Человек и песня - [13]

Шрифт
Интервал

При таком объяснении урок морали, преподанный народом в этой старине-балладе, достаточно ясен: не лукавь с самой собою и не расставляй хитроумные сети другим, а то попадешь в них сама и погибнешь от того, чем хотела наказать других.

Есть здесь еще более прямолинейные открытые нравоучения: не злословь (даже если втайне лелеешь конечную добрую цель), так как зло порождает еще большее зло и ничего другого и ведет человека к гибели.

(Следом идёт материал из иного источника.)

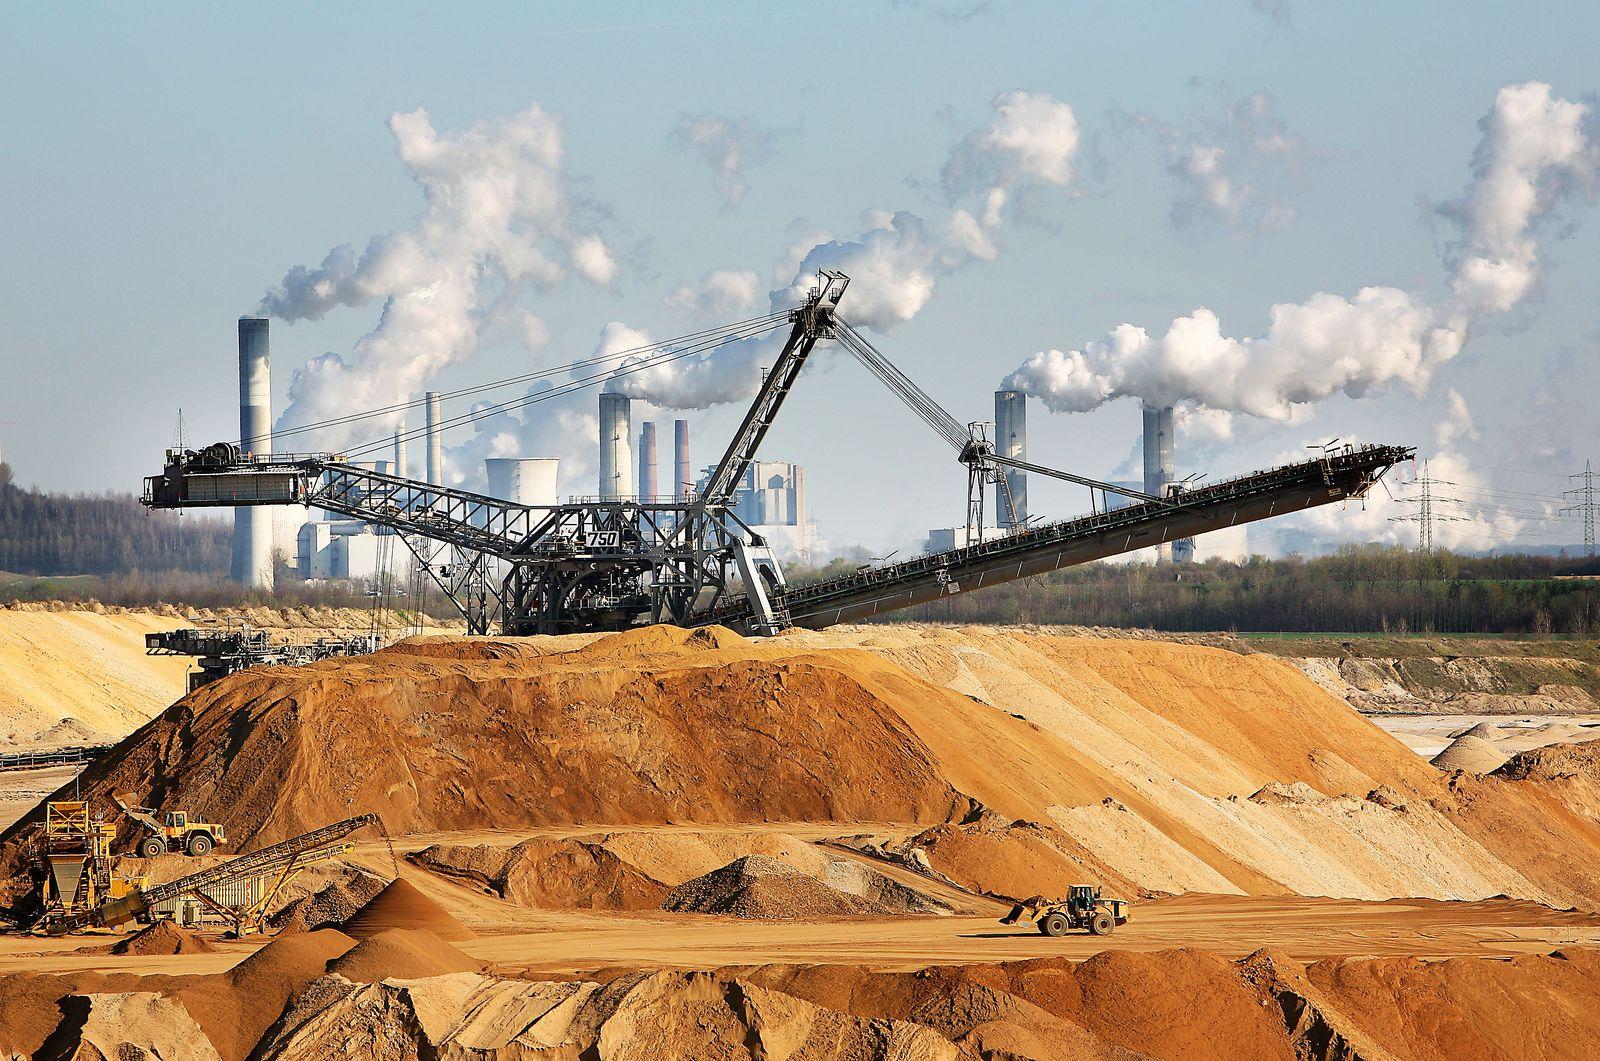 Braunkohlekraftwerke / rauchende schlote /Kohle-Kraftwerk / Braunkohle

Не перечь матери, не поступай в молодости по-своему. Не ходи одна в незнакомый дом ни при каких обстоятельствах и обещаниях.

Что ж, не так уж наивны и прямолинейны поучения наших предков своим дочерям и, пожалуй, во многом применимы не только к нашему времени, но и ко всем временам. А почему же все-таки этот частный случай вознесен до эпических высот, монументально укрупнен? Почему он стал поводом для создания именно эпического песнопения (а эпические песнопения часто имели ритуально-обрядовый смысл и назначение)? Думается, потому, что поднятый в этой старине вопрос воспитания дочерей имел всегда не только узкосемейное, но и общенародное значение и был отчасти тождествен вопросам достойного продолжения жизни самого народа. Ведь девушка-невеста — это будущая мать и воспитательница своих детей. И от того, в каких принципах воспитана она сама, зависит возможность воспитания ею достойной смены.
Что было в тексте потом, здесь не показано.